Memory management is the other half of the throughput equation. Standard KV cache implementations pre-allocate a contiguous memory block for each sequence’s maximum possible context length. A 4K-token window means every request reserves 4K tokens of GPU memory — even if it only generates 30. Prior serving systems wasted 60-80% of their KV cache memory on these unused pre-allocated blocks (PagedAttention paper).

Paged Attention, introduced by Kwon et al. at SOSP 2023, borrowed the operating system’s solution to exactly this kind of fragmentation. It stores KV cache in non-contiguous memory pages, allocated on demand as tokens are generated. A page table maps virtual cache positions to physical GPU addresses — the same mechanism an OS uses for virtual memory management. The result: under 4% memory waste and 2-4x throughput improvement over systems like FasterTransformer and Orca (PagedAttention paper).

vLLM, the open-source inference engine that implements PagedAttention as its default memory strategy, reached v0.18.0 as of March 2026 (vLLM GitHub). SGLang, following a similar architectural path, runs on over 400,000 GPUs and processes trillions of tokens daily at v0.5.9 (SGLang GitHub).

The Parallel Gambit and the Hardware Divergence

Batching and memory paging solve the throughput problem — moving more total tokens per second across many concurrent users. But the latency problem is a different beast. Time To First Token — the interval between request arrival and the first output token — is what the user actually feels, and it depends on how quickly the model can complete the initial prefill computation and begin generating.

Speculative Decoding attacks this by breaking the sequential constraint through parallel verification. A smaller, faster draft model proposes K candidate tokens in rapid succession. The full target model then verifies all K tokens in a single forward pass — the same cost as generating one token, but potentially accepting several at once.

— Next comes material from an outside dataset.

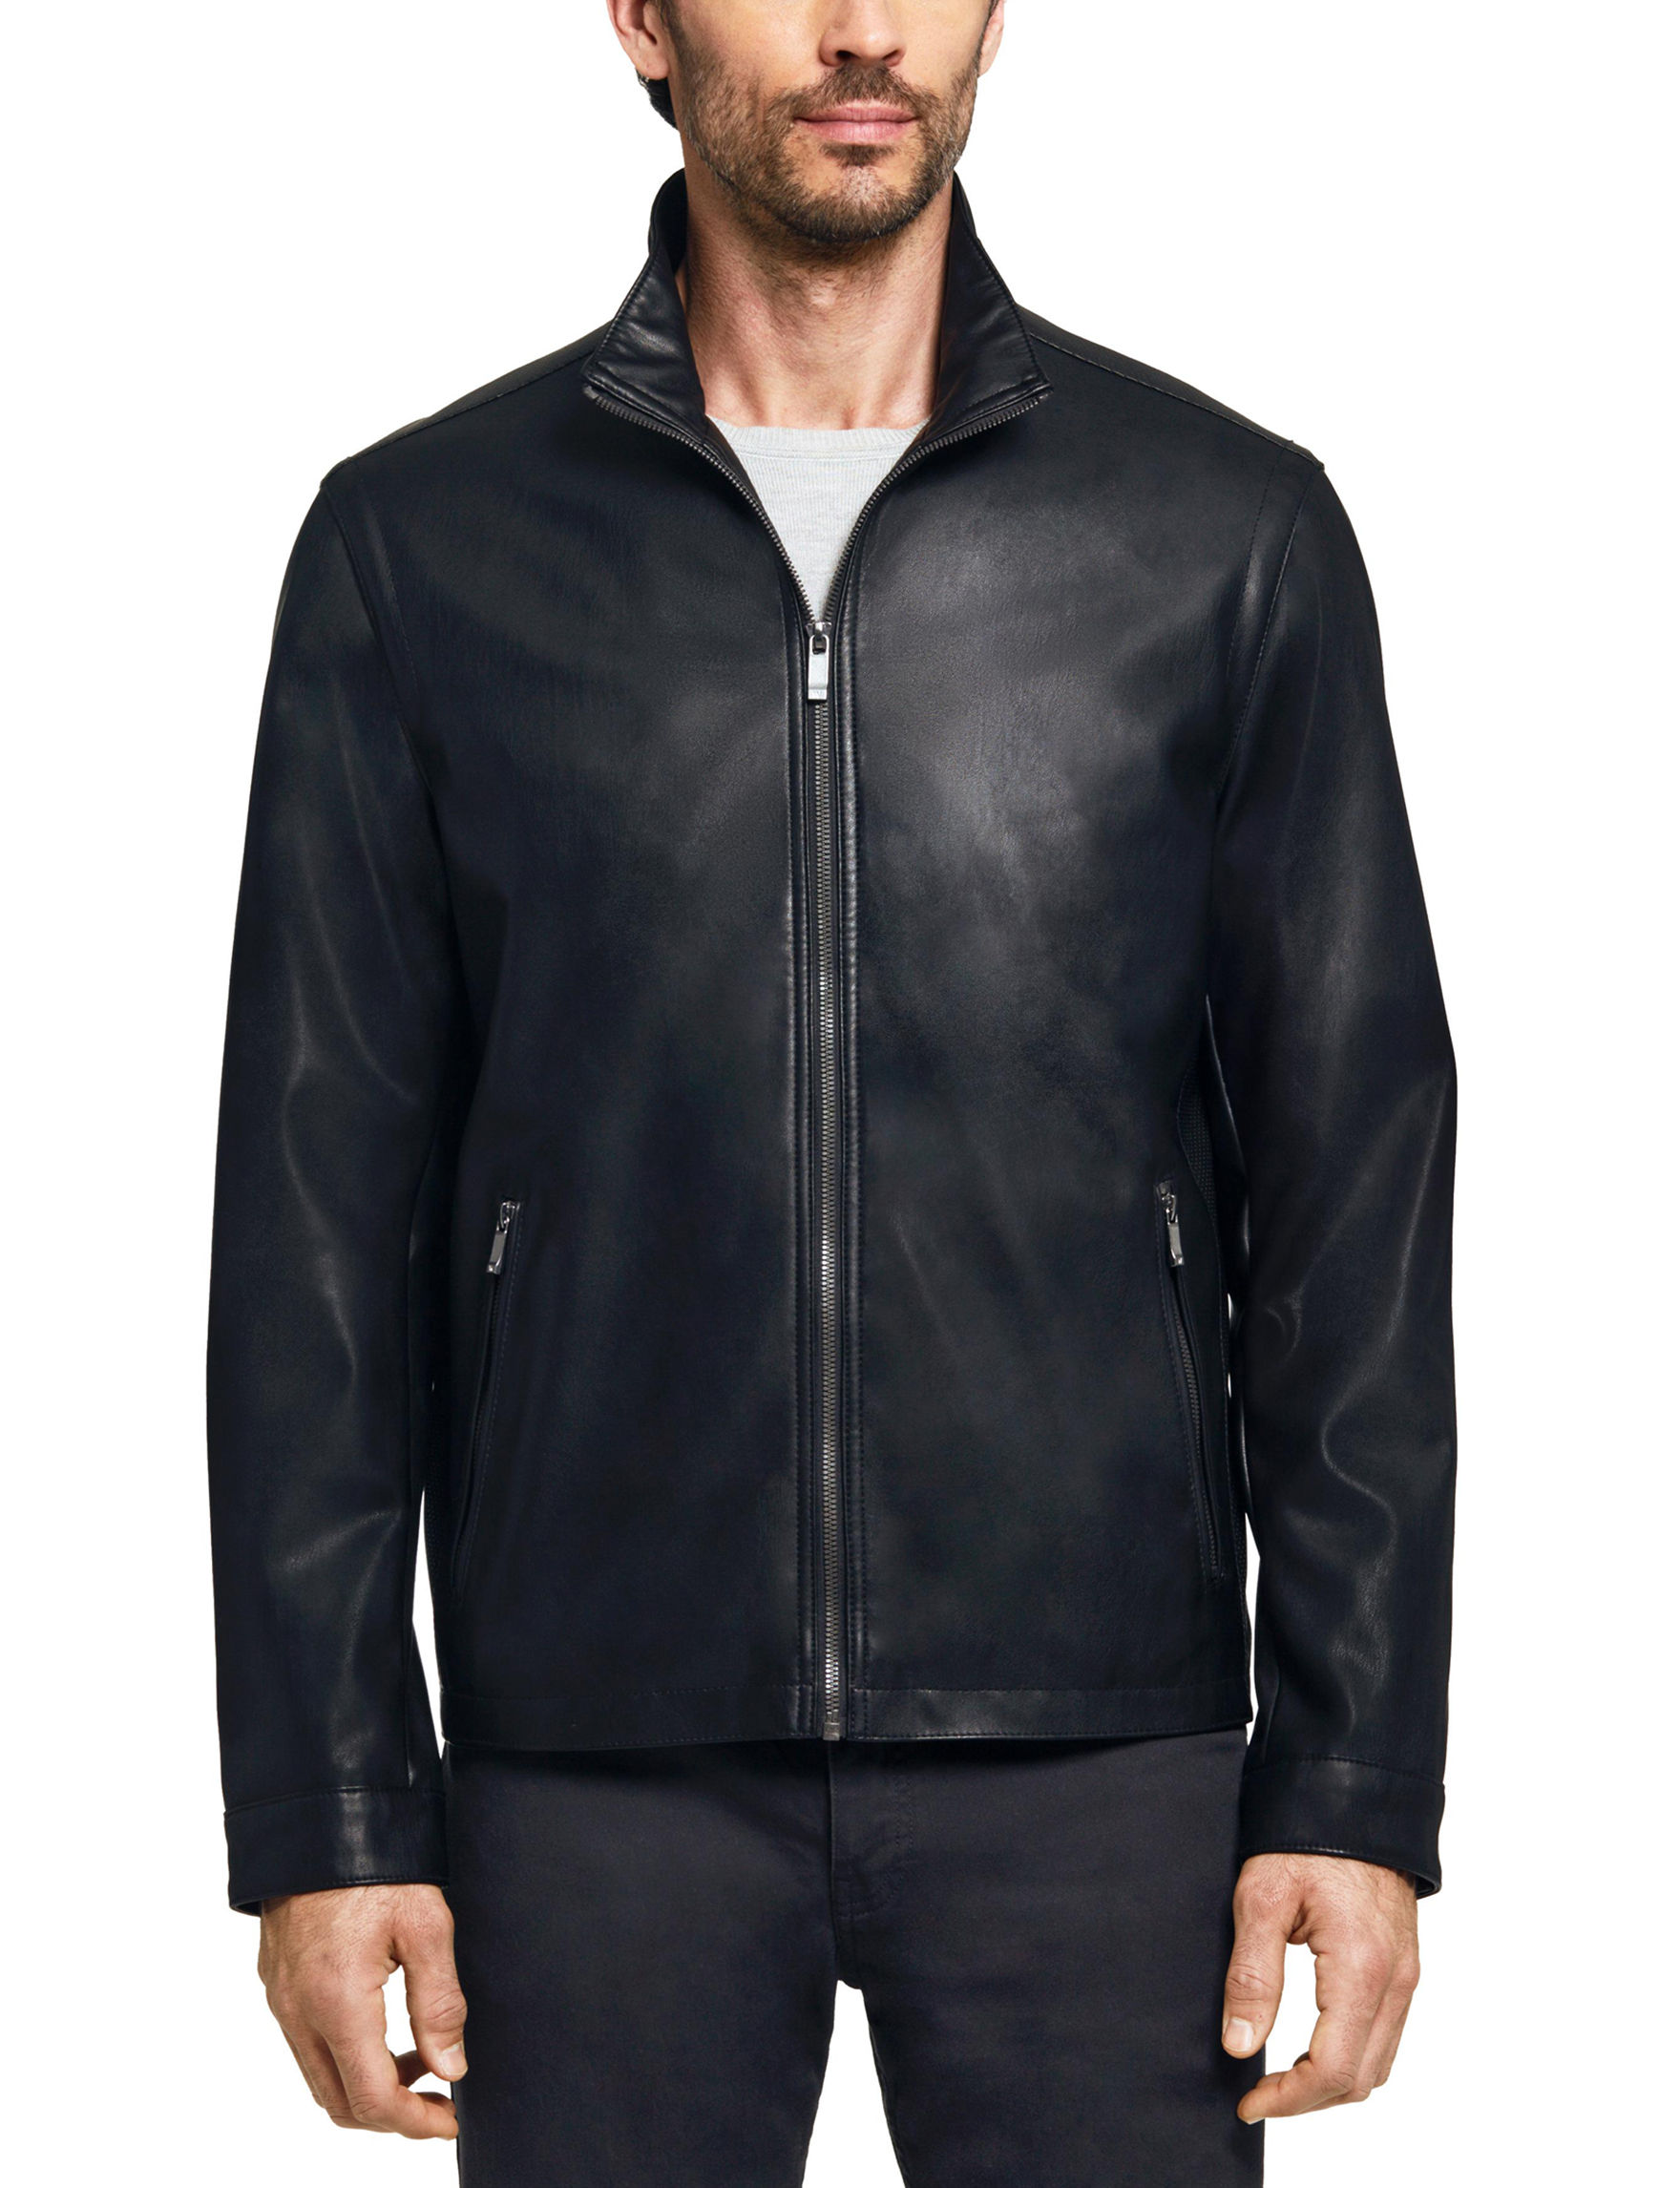 Weatherproof Black Bomber & Moto Jackets

Under favorable conditions, this produces a 2-3x speedup while remaining mathematically lossless; the output distribution is identical to standard autoregressive sampling (BentoML Handbook). The limitation is structural: when the draft model’s token predictions diverge from the target’s distribution — common in code generation, formal proofs, and highly specialized domains — most candidates get rejected and the overhead of running two models exceeds the savings.

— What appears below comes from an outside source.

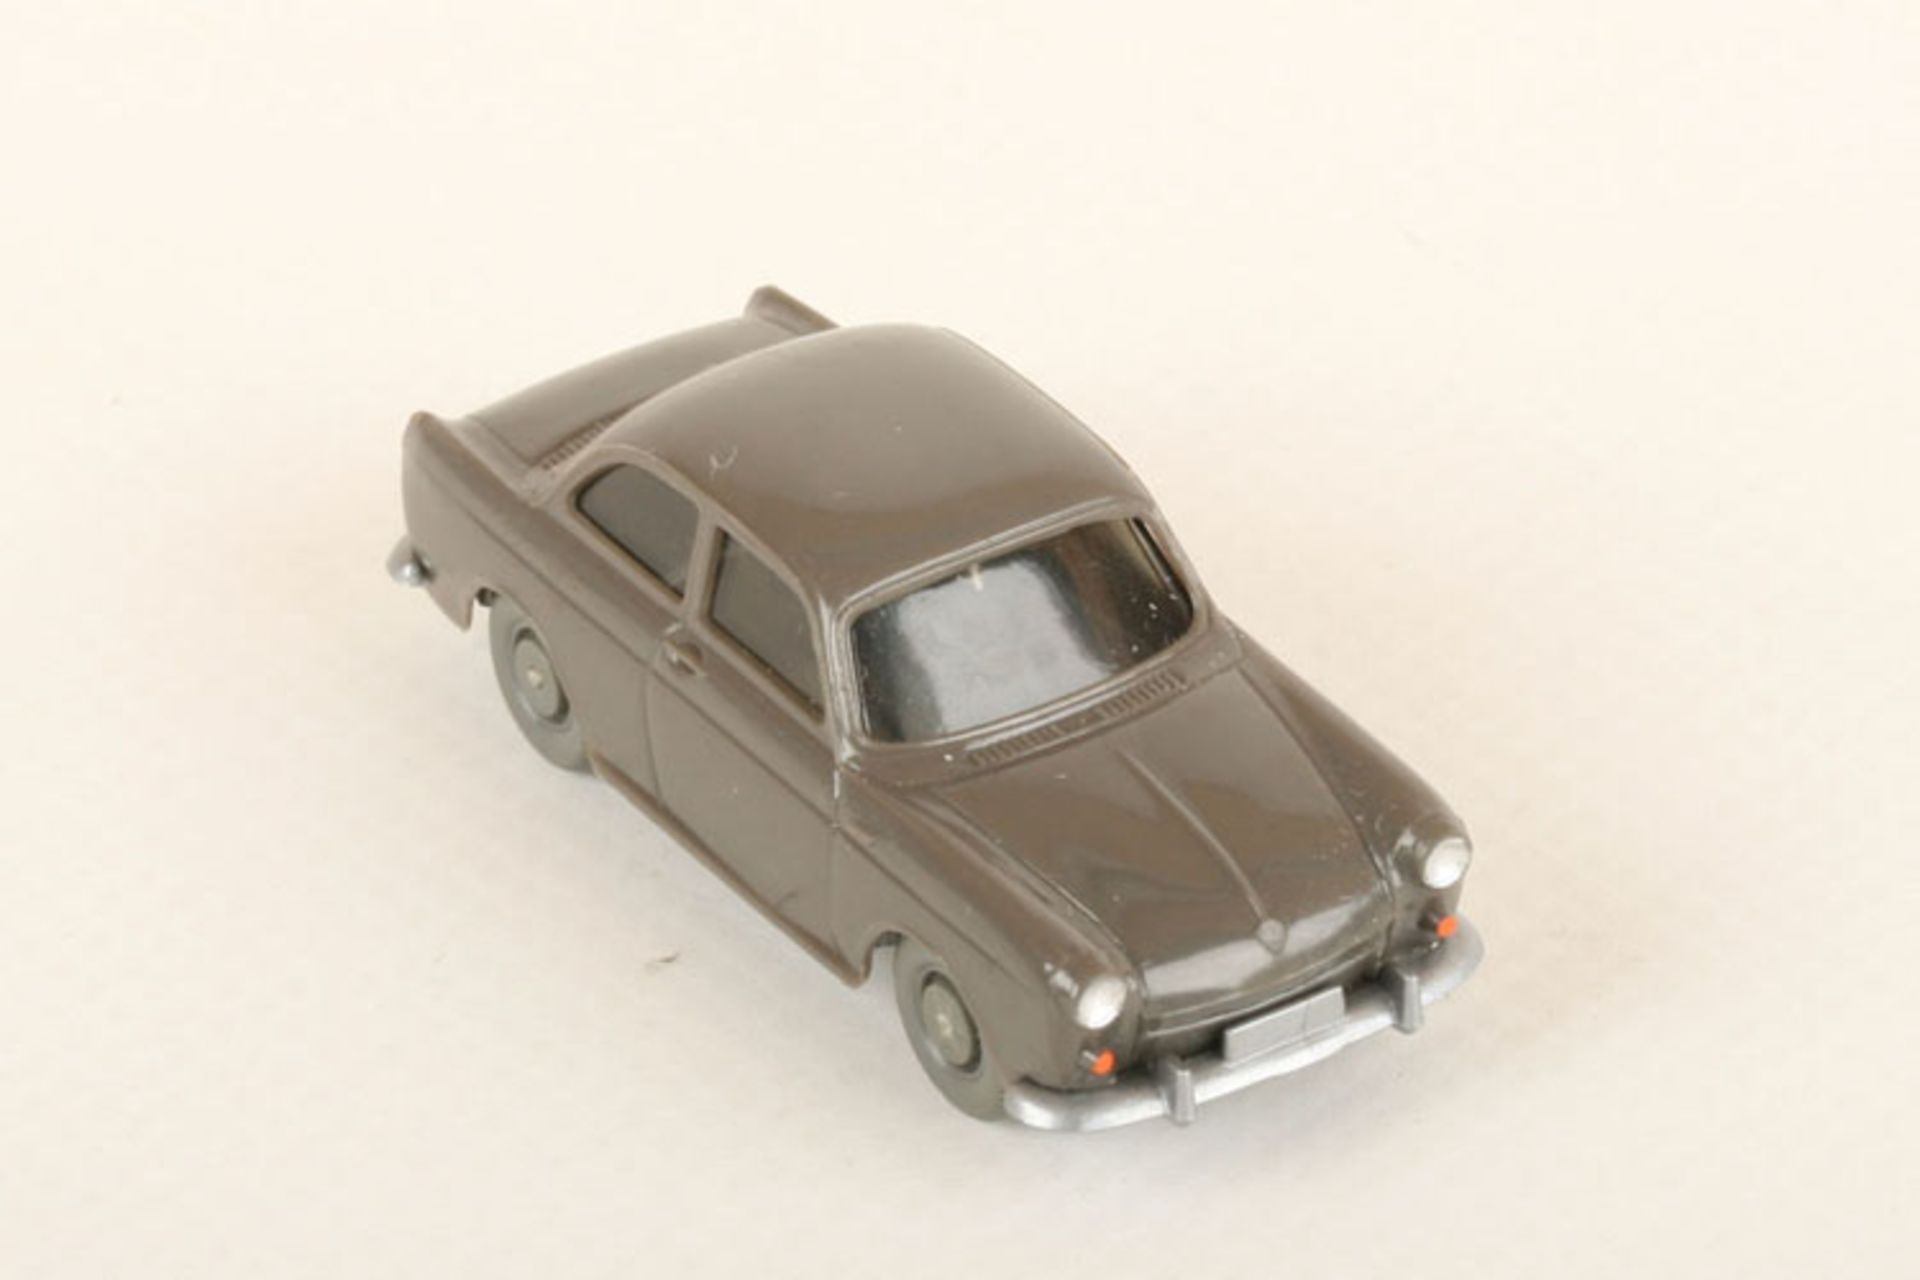 Los 1046 - Wiking VW 1500 umbragrau 40/12g, neuwertig

Quantization takes a different approach: reducing the precision of model weights from 16-bit floating point to 8-bit or 4-bit integers. Methods like GPTQ and AWQ achieve this with minimal perplexity degradation — smaller weights mean faster memory transfers and more room in GPU memory for larger batches or longer contexts. TensorRT-LLM, NVIDIA’s inference library at v1.2 stable as of March 2026, integrates quantization directly into its compilation pipeline.

Then there is the hardware divergence. Groq built the LPU (Language Processing Unit) on an entirely different premise: eliminate the memory bandwidth bottleneck by keeping the entire model in on-chip SRAM — 500 MB at 150 TB/s bandwidth, compared to the tens of TB/s typical of HBM-based GPU architectures (Groq Blog). The architecture is deterministic; inference latency does not vary between runs. Groq 3, announced at GTC in March 2026, is expected to ship late 2026 and is not yet commercially available.

Compatibility notes:
vLLM V0 engine: Deprecated; scheduled for removal by end of June 2026. V1 has been the default since v0.8.0. Migrate before the removal deadline.
TensorRT-LLM v1.0+: PyTorch is now the default backend, with several API renames (cuda_graph_config, mixed_sampler, and others). Review migration notes before upgrading.

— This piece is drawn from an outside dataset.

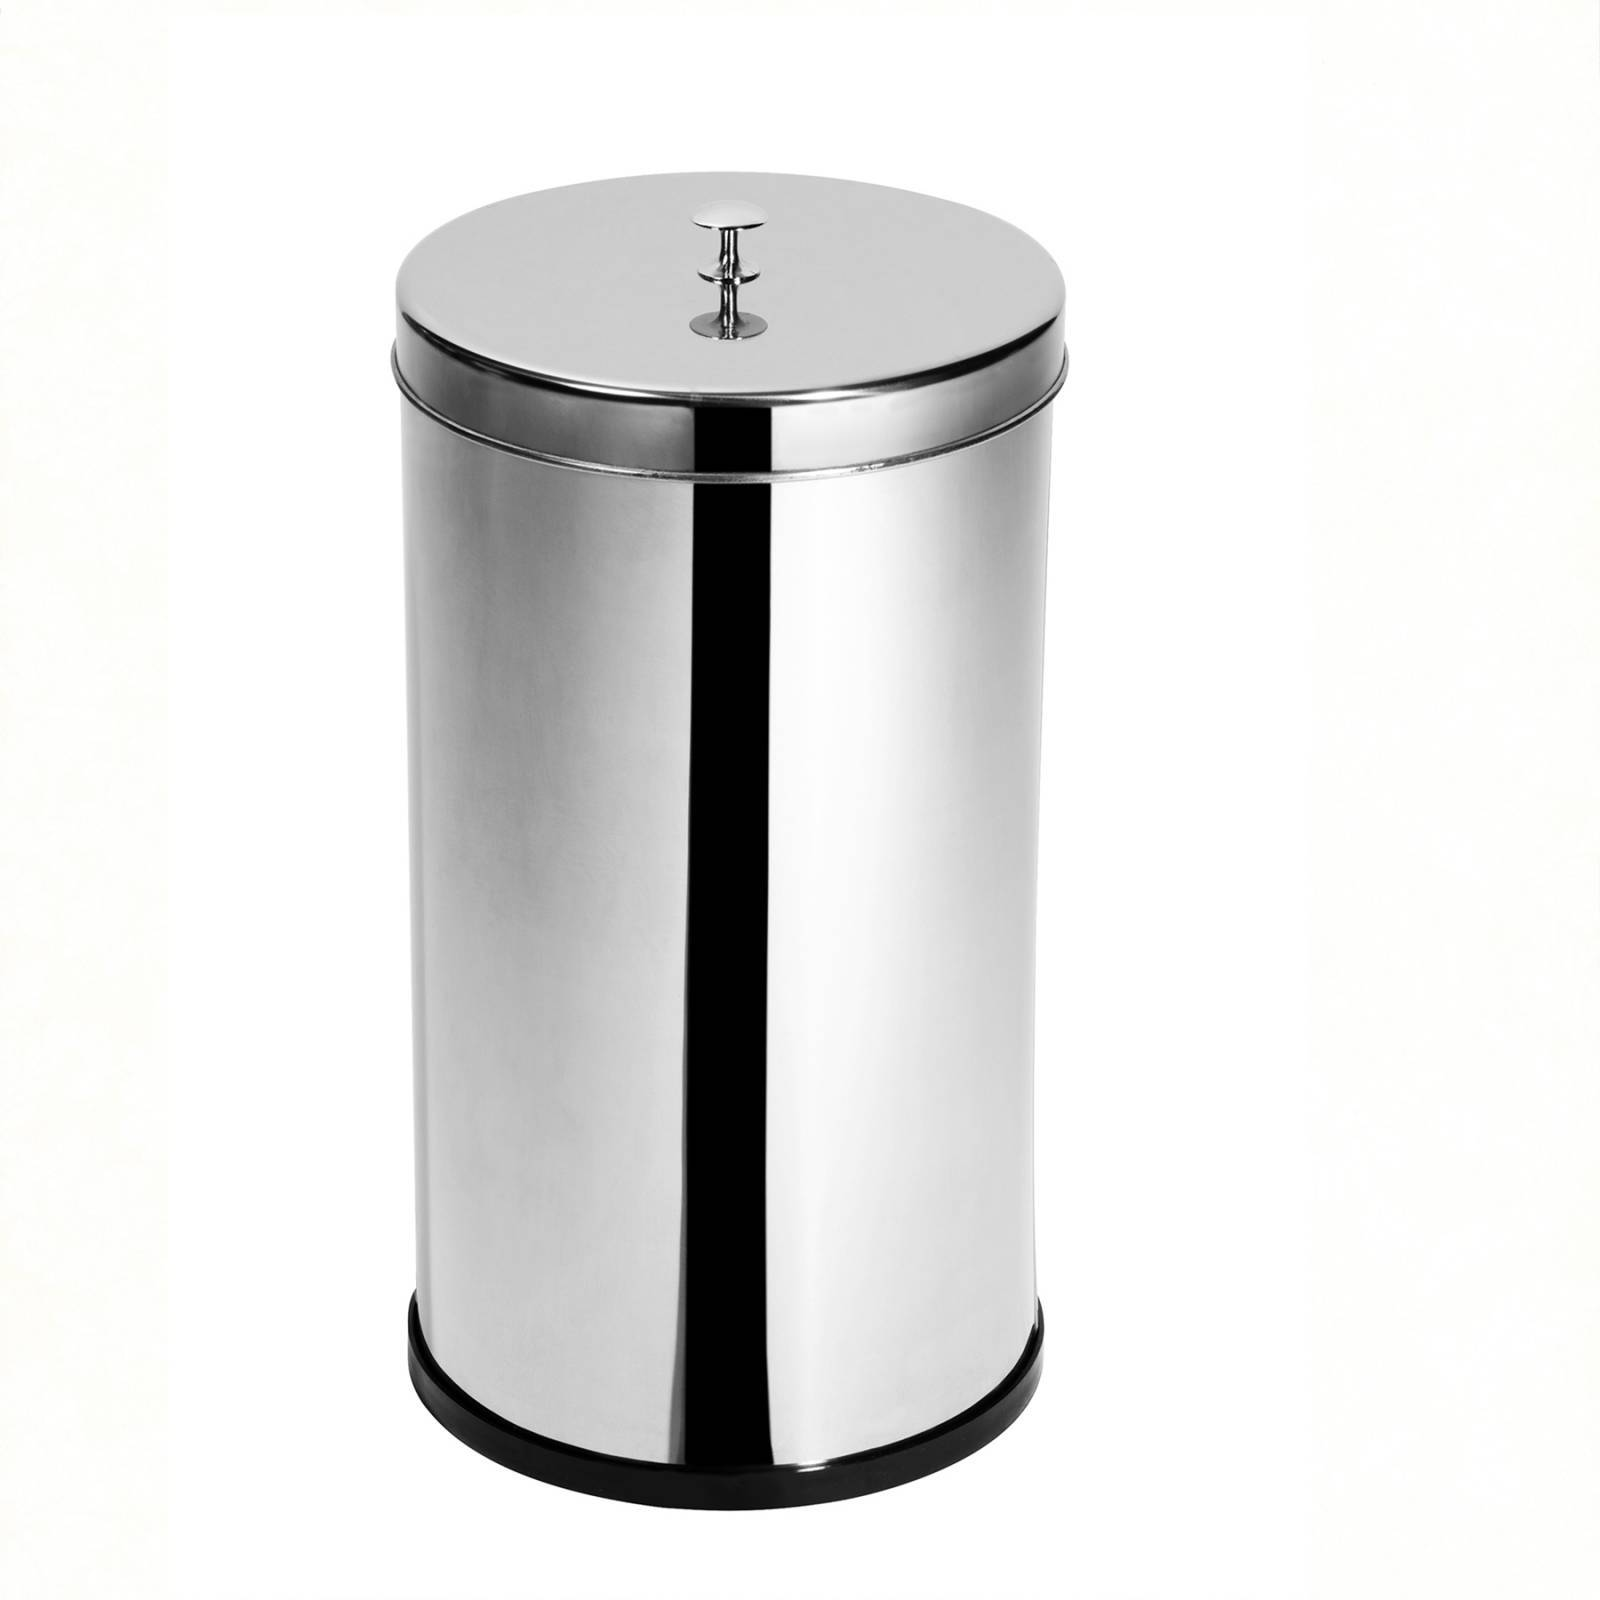 Lixeira Inox c/ tampa e puxador 10 Litros - Elegance

Diagram of the autoregressive decoding loop showing how the KV cache, continuous batching, and PagedAttention optimize token generation — How continuous batching and PagedAttention turn idle GPU cycles into throughput by filling dead memory slots during autoregressive decoding.

Where the Milliseconds Accumulate

The architecture of autoregressive inference creates predictable pressure points. Increase sequence length, and KV cache memory grows linearly while per-step attention cost rises — expect latency to climb and batch capacity to shrink. Scale batch size without continuous batching, and tail latency spikes because every request waits for the longest sequence in the group. Push quantization aggressively below 4-bit, and the perplexity envelope that holds at higher precision begins to tear — particularly for low-resource languages and domain-specific terminology at the margins of the training distribution.

The pattern across all of these: every inference optimization trades one resource for another. Memory for compute. Latency for throughput. Precision for capacity. The question is never which optimization is best; it is which trade-off matches the workload in front of you.

Rule of thumb: Profile memory bandwidth utilization before compute utilization — the former is almost always the binding constraint in autoregressive serving.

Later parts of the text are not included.